E.1.2.2 EC — Tariff Preferences, paras. 152-153
(WT/DS246/AB/R)
… the ordinary meanings of “discriminate” point
in conflicting directions with respect to the propriety of according
differential treatment. Under India’s reading, any differential
treatment of GSP beneficiaries would be prohibited, because such
treatment necessarily makes a distinction between beneficiaries. In
contrast, under the European Communities’ reading, differential
treatment of GSP beneficiaries would not be prohibited per se.

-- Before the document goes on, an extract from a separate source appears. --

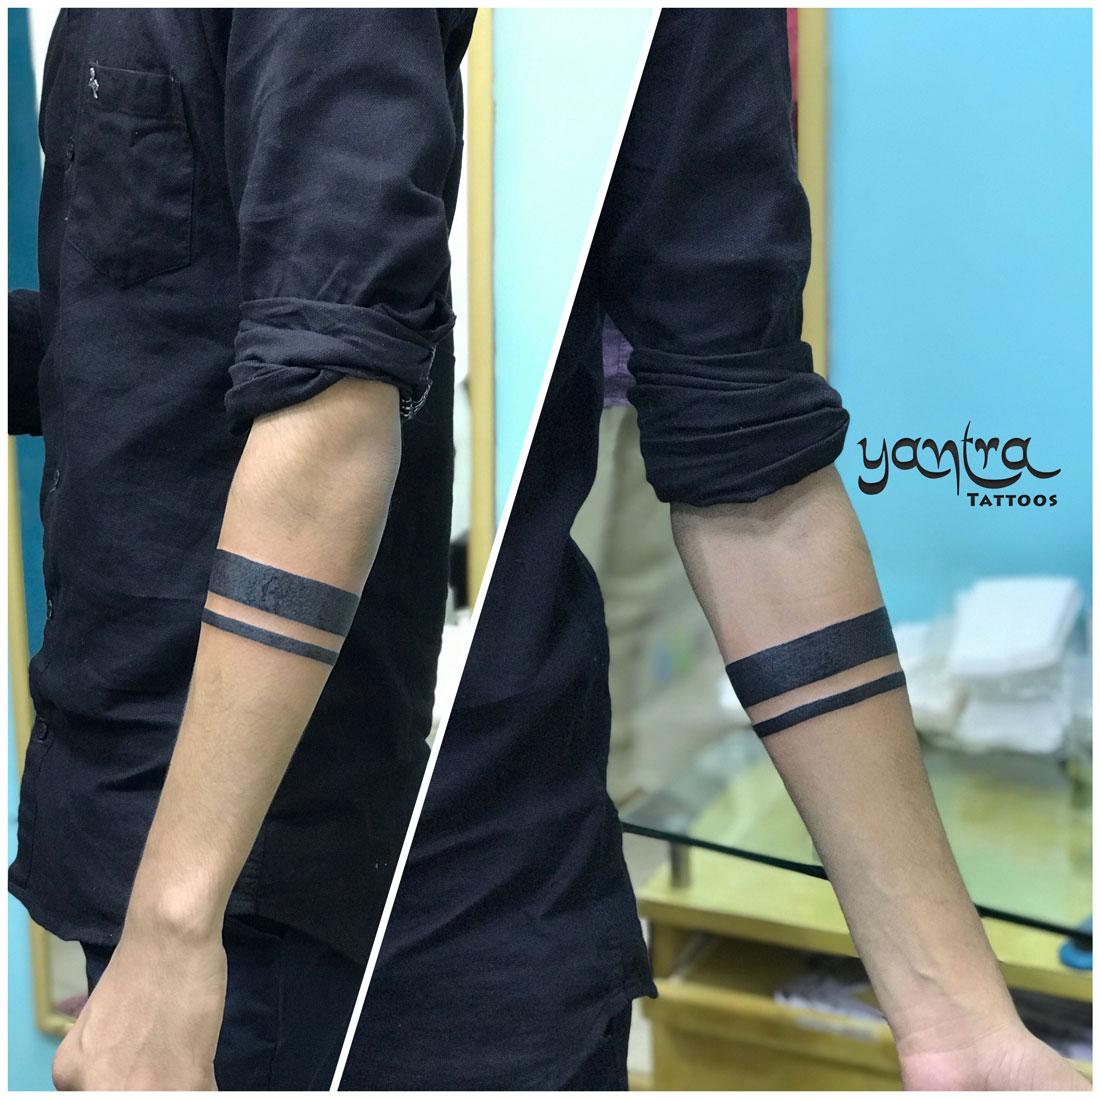 black band tattoo yantra tattoos chennai

Rather, distinctions would be impermissible only where the basis for
such distinctions was improper. Given these divergent meanings, we do
not regard the term “non-discriminatory”, on its own, as
determinative of the permissibility of a preference-granting country
according different tariff preferences to different beneficiaries of its
GSP scheme.
Nevertheless, at this stage of our analysis, we are
able to discern some of the content of the “non-discrimination”
obligation based on the ordinary meanings of that term. Whether the
drawing of distinctions is per se discriminatory, or whether it
is discriminatory only if done on an improper basis, the ordinary
meanings of “discriminate” converge in one important respect: they
both suggest that distinguishing among similarly-situated beneficiaries
is discriminatory. …
E.1.2.3 EC — Tariff Preferences, para. 154
(WT/DS246/AB/R)
Paragraph 2(a), on its face, does not explicitly
authorize or prohibit the granting of different tariff preferences to
different GSP beneficiaries. It is clear from the ordinary meanings of
“non-discriminatory”, however, that preference-granting countries
must make available identical tariff preferences to all
similarly-situated beneficiaries.
E.1.2.4 EC — Tariff Preferences,
para. 155
(WT/DS246/AB/R)
… footnote 3 to paragraph 2(a) stipulates that, in
addition to being “non-discriminatory”, tariff preferences provided
under GSP schemes must be “generalized”. According to the ordinary
meaning of that term, tariff preferences provided under GSP schemes must
be “generalized” in the sense that they “apply more generally;
[or] become extended in application”. However, this ordinary meaning
alone may not reflect the entire significance of the word “generalized”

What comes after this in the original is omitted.